Because C++ Standard explicitly states that it does not impose requirements on C++ programs, correctness of many program may only be judged in reference to particular implementations. Almost all implementations can be configured to define the behavior of code that relies upon representation-compatible types being alias-compatible, and such code would have defined behavior on such implementations or configurations.
In a Wikipedia article on type punning it gives an example of pointing an int type pointer at a float to extract the signed bit:
However, supposing that floating-point comparisons are expensive, and
also supposing that float is represented according to the IEEE
floating-point standard, and integers are 32 bits wide, we could
engage in type punning to extract the sign bit of the floating-point
number using only integer operations:
bool is_negative(float x) {
unsigned int *ui = (unsigned int *)&x;
return *ui & 0x80000000;
}
Is it true that pointing a pointer to a type not its own is undefined behavior? The article makes it seem as if this operation is a legitimate and common thing. What are the things that can possibly go wrong in this particular piece of code? I'm interested in both C and C++, if it makes any difference. Both have the strict aliasing rule, right?
Is it true that pointing a pointer to a type not its own is undefined behavior?
No, both C and C++ allow an object pointer to be converted to a different pointer type, with some caveats.
But with a few narrow exceptions, accessing the pointed-to object via the differently-typed pointer does have undefined behavior. Such undefined behavior arises from evaluating the expression *ui in the example function.
The article makes it seem as if this operation is a legitimate and common thing. What are the things that can possibly go wrong in this particular piece of code?
The behavior is undefined, so anything and everything within the power of the program to do is possible. In practice, the observed behavior might be exactly what the author(s) of the Wikipedia article expected, and if not, then the most likely misbehaviors are variations on the function computing incorrect results.
I'm interested in both C and C++, if it makes any difference. Both have the strict aliasing rule, right?
To the best of my knowledge, the example code has undefined behavior in both C and C++, for substantially the same reason.
The fact that it is technically undefined behaviour to call this is_negative function implies that compilers are legally allowed to "exploit" this fact, e.g., in the below code:
if (condition) {
is_negative(bar);
} else {
// do something
}
the compiler may "optimize out" the branch, by evaluating condition and then unconditionally proceeding to the else substatement even if the condition is true.
However, because this would break enormous amounts of existing code, "real" compilers are practically forced to treat is_negative as if it were legitimate. In legal C++, the author's intent is expressed as follows:
unsigned int ui;
memcpy(&ui, &x, sizeof(x));
return ui & 0x80000000;
So the reinterpret_cast approach to type punning, while undefined according to the standard in this case, is thought of by many people as "de facto implementation-defined" and equivalent to the memcpy approach.
Why
If this is undefined behavior then why is it given as a seemingly legitimate example?

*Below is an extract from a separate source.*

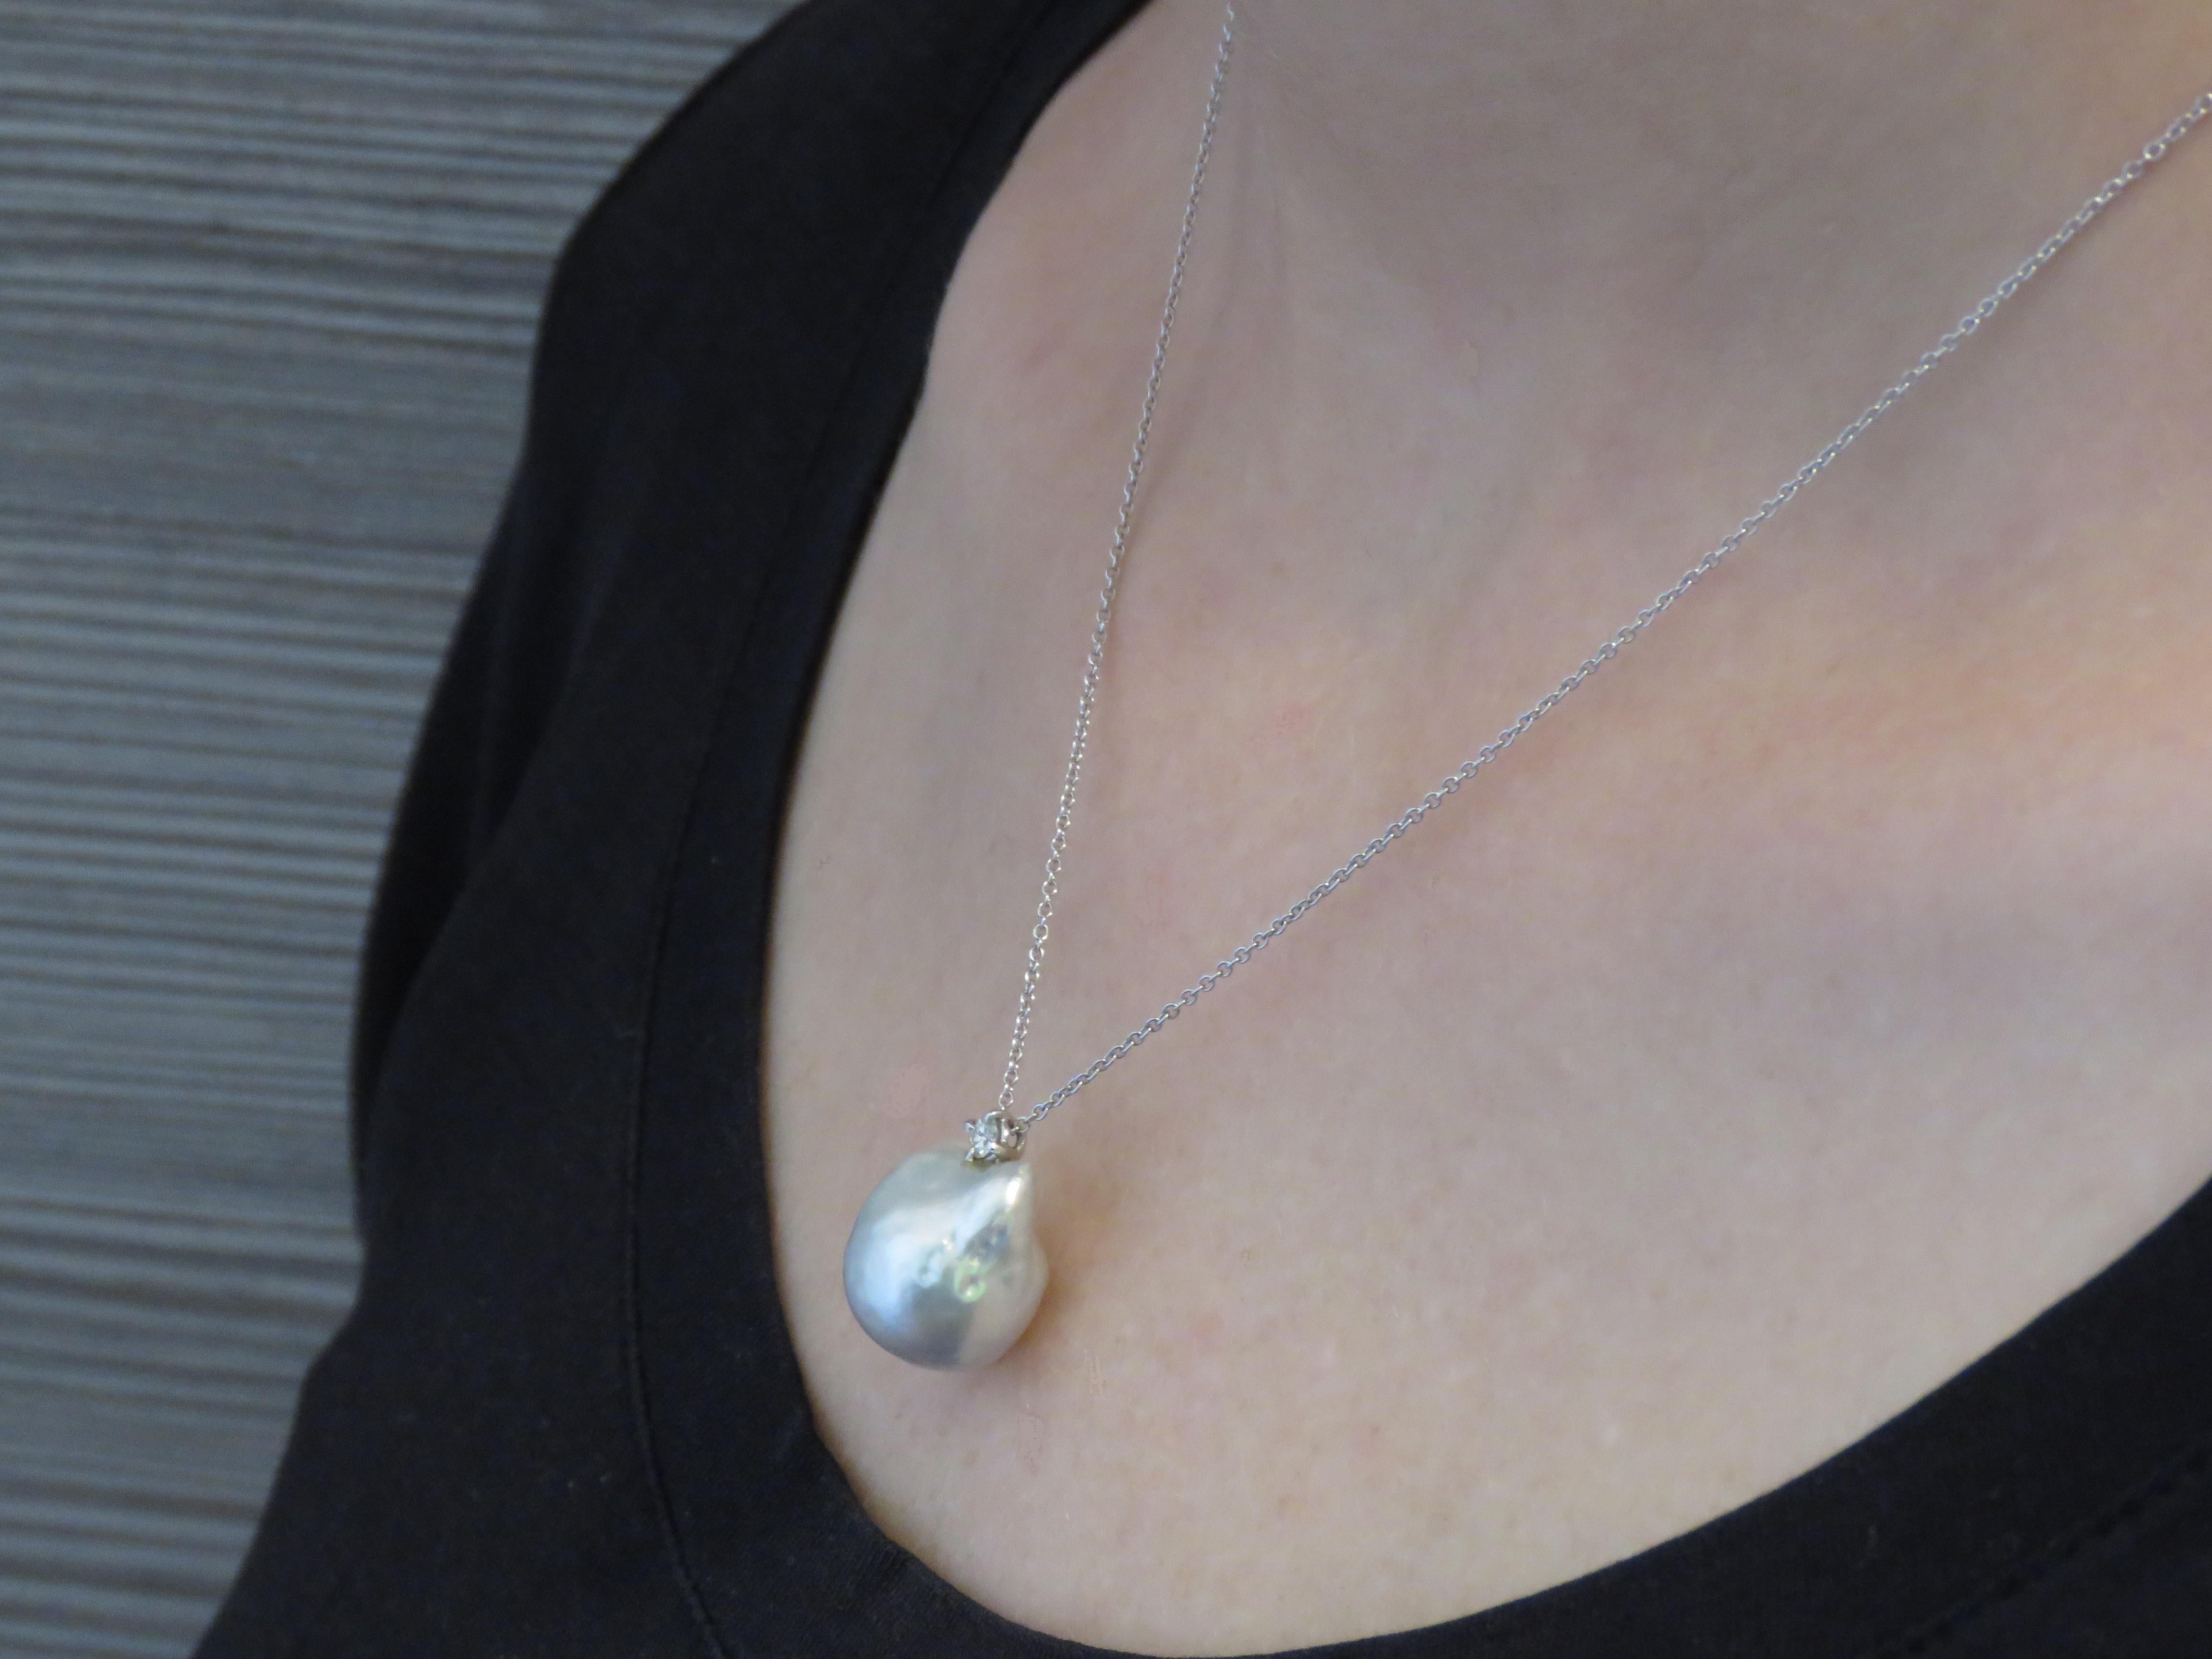 The round cut diamond 0.05 ctw and the Australian white pearl that characterize this white gold necklace are both natural. The size of the pearl is 16 x 13 millimeters / 0.629 x 0.511 inches. The total length of the necklace is 430 millimeters /

This was a common practice before C was standardized and added the rules about aliasing, and it has unfortunately persisted in practice. Nonetheless, Wikipedia pages should not be offering it as examples.
Aliasing Via Pointer Conversions
Is it true that pointing a pointer to a type not its own is undefined behavior?
The rules are more complicated than that, but, yes, many uses of an object through an lvalue of a different type are not defined by the C or C++ standards, including this one. There are also rules about pointer conversions that may be violated.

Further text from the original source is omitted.